Regular backups can ensure that data can be recovered in the event of a security breach. For effective storage, NGOs need to establish appropriate policies and technical measures such as storing several encrypted copies of critical data, as this makes it easier to restore them if necessary.
5- Training and awareness:
Effective human risk management involves training all staff on cybersecurity threats. This enables them to recognize and prevent attacks such as phishing, social engineering and other threats. An organization's response capability can be improved by turning people into human detectors.
6- Limited access:
To avoid lateral movements within the network if a threat actor manages to get hold of an NGO employee's credentials, it is best to limit permissions and access to systems to users who have a legitimate need for access. Most software systems allow administrators to regulate authorization levels based on the functional roles of each employee.
7- Risk assessment:
Regular cyber risk assessments are needed to identify and address vulnerabilities in your systems and processes. This enables you to reduce cyberattacks by being aware of your weaknesses.
8- Monitoring and intrusion detection:
NGOs must proactively monitor their systems to be able to detect and respond to any suspicious or malicious activity. They need to deploy solutions such as firewalls and intrusion detection and prevention systems to safeguard sensitive data, systems, and employees.
Network security: a key requirement for improving NGO cybersecurity
NGOs must be able to protect their networks and having a firewall that functions as the first line of defense against cyberattacks is essential.
Using a firewall such as WatchGuard's Firebox makes it possible to control traffic on the external, trusted network, a crucial task considering that almost two-thirds of malware hides in encrypted traffic. Thanks to this technology, NGOs can stop all suspicious traffic and strengthen the organization's security, as well as detect and block more sophisticated attacks, such as ransomware, zero day threats, and other advanced malware designed to evade conventional network security defenses.
In 2019 Nugent Care suffered a cyberattack that wiped out almost their entire IT infrastructure. After finding themselves in that situation they decided to create a five-year strategy that would allow them to regain internal control of their network and firewall infrastructure. They opted to invest in a series of Firebox appliances that provided the visibility they were looking for to shape traffic and perform analytics and quality service management through WatchGuard Cloud.

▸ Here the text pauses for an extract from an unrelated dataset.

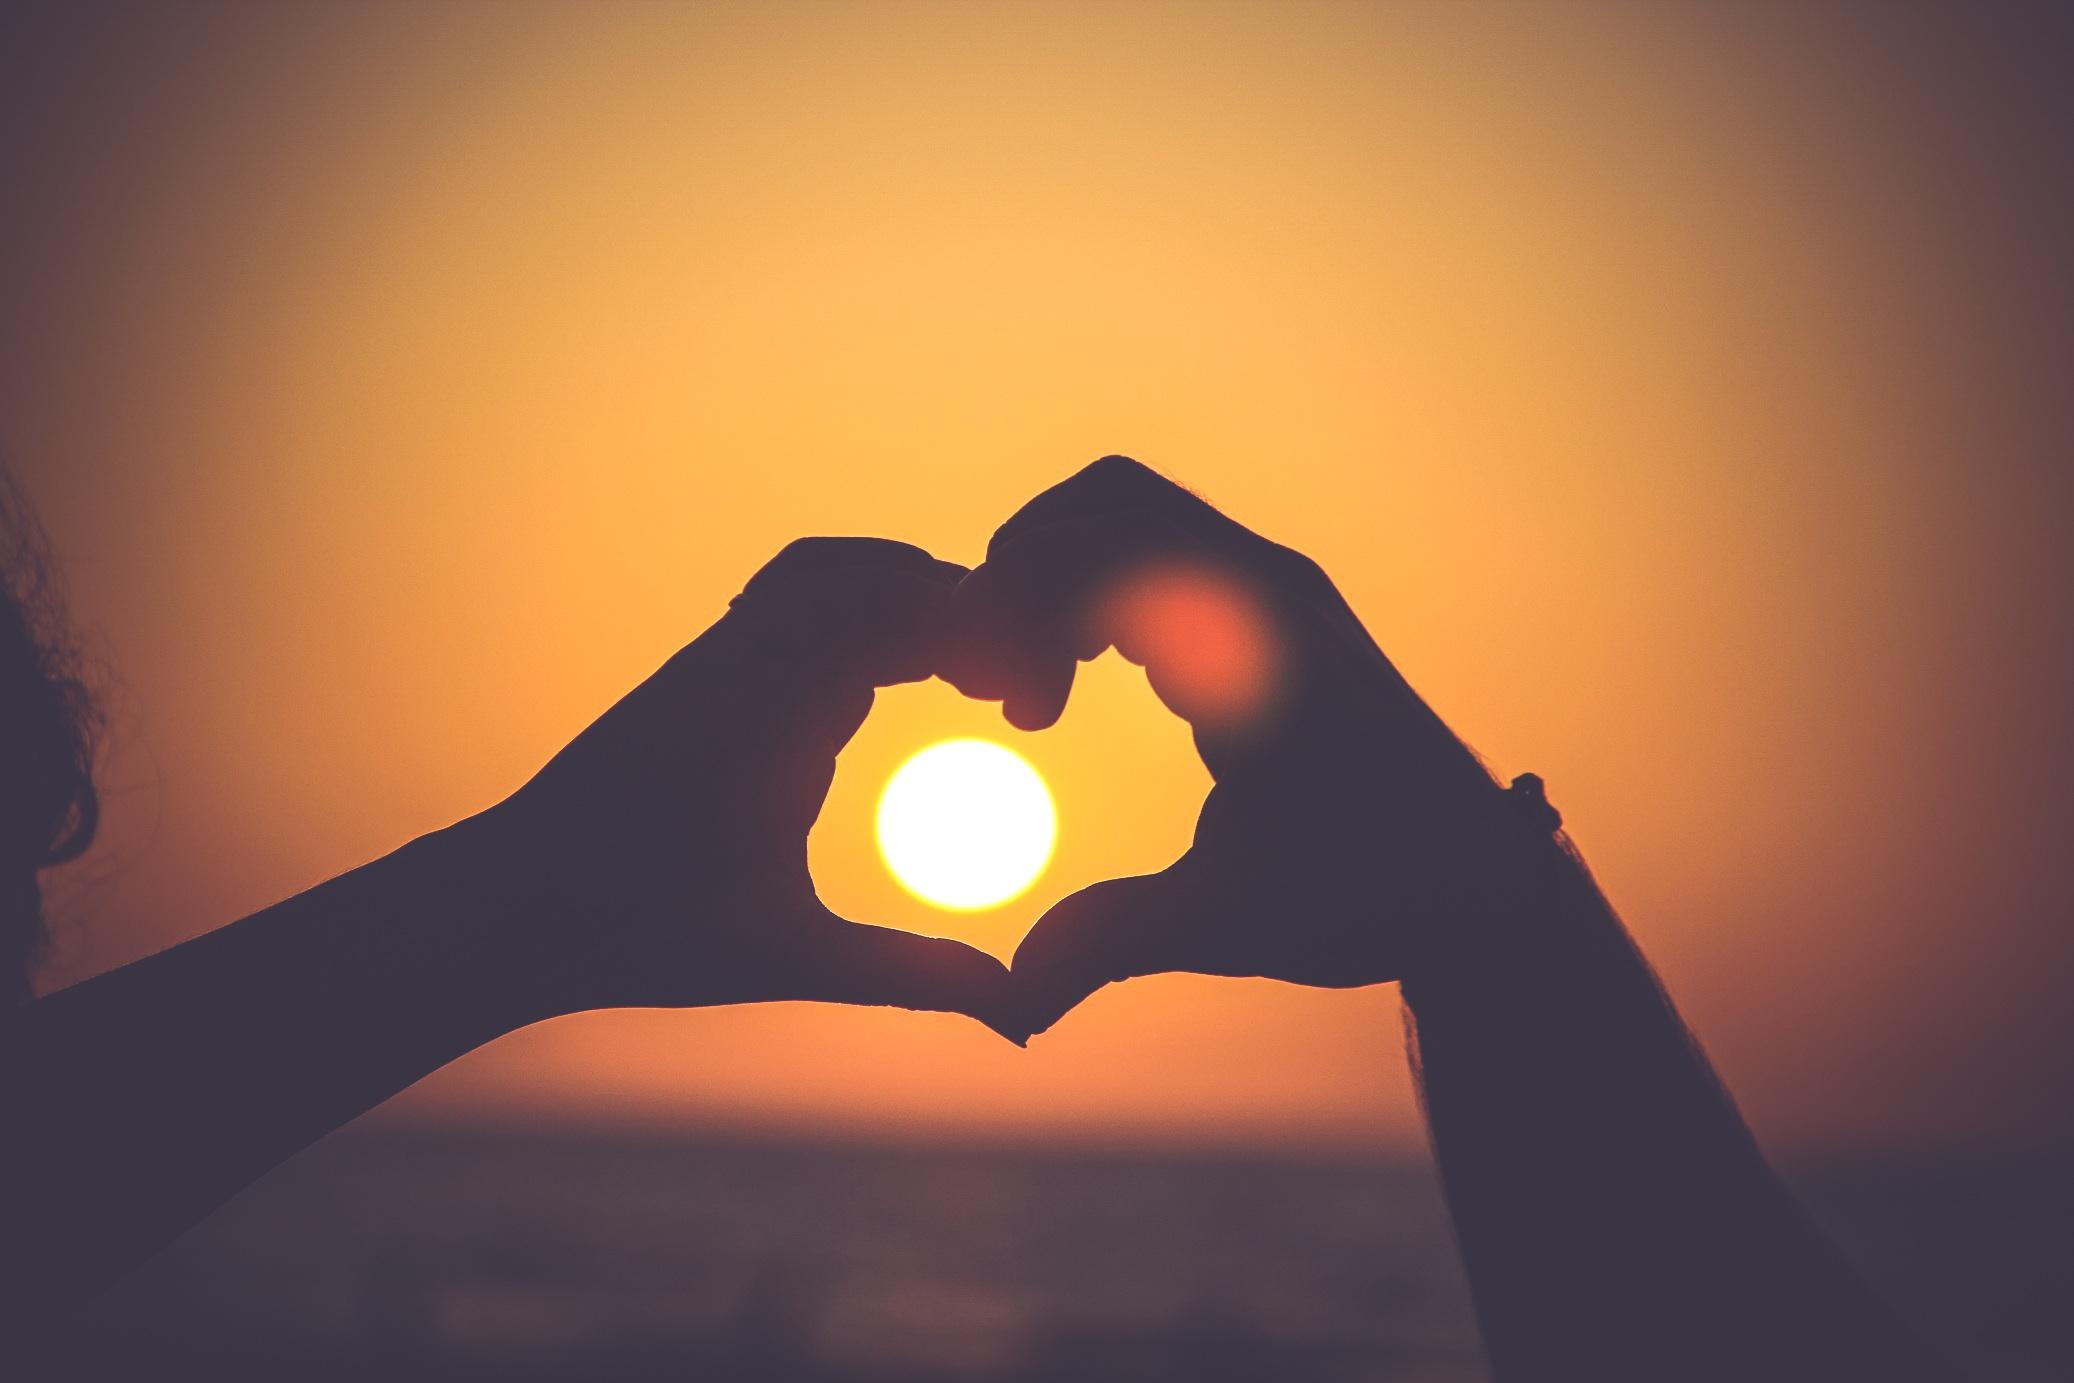 Free Images Hand Silhouette Light Sun Sunrise Sunset
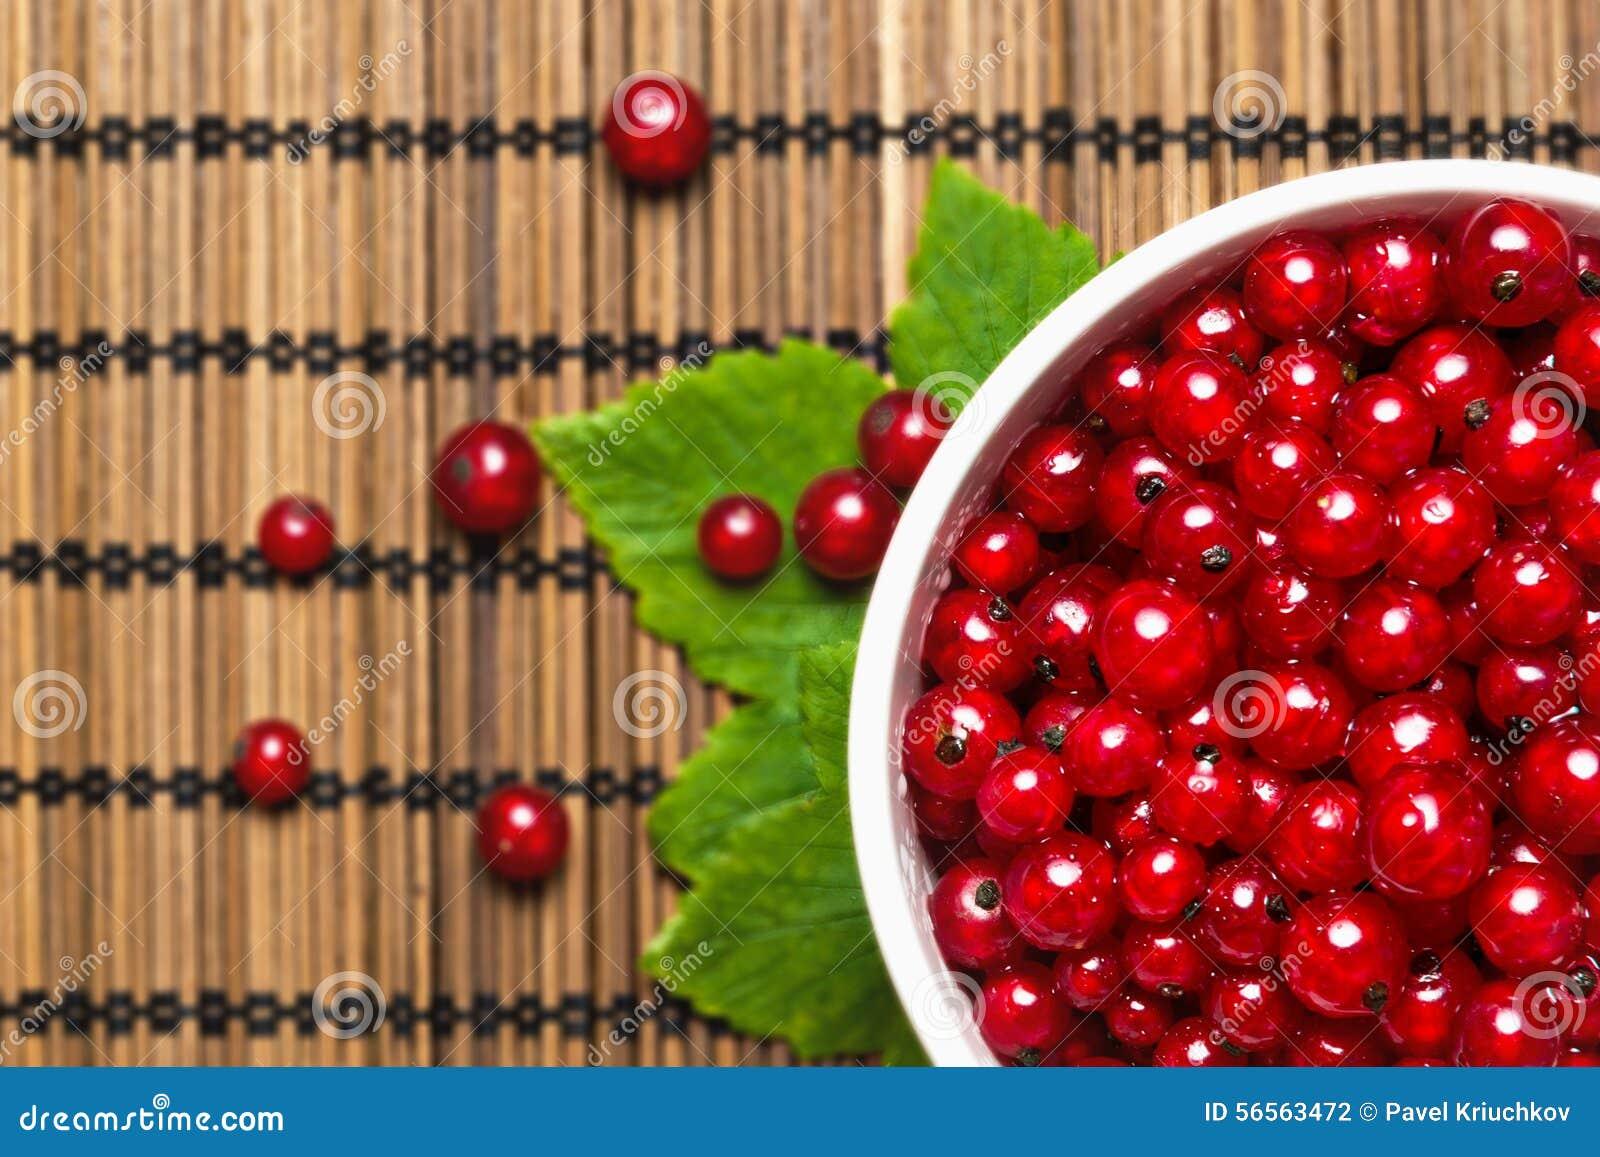 Download Φρέσκια κόκκινη σταφίδα σε έναν πίνακα Στοκ Εικόνες - εικόνα από δάσος, πίνακας: 56563472

Scott Davis, ICT systems Manager at Nugent Care, explained that "WatchGuard was the most communicative and supportive in terms of time, guidance, and demonstrations, which helped me in the decision-making process. It doesn't matter how good the product is if it's not backed up by good support."
Nugent Care is an example of what an NGO can achieve when it is supported by quality technology and service. As Scott says, "I sleep better at night, there's nothing worse than not knowing what you're going to wake up to."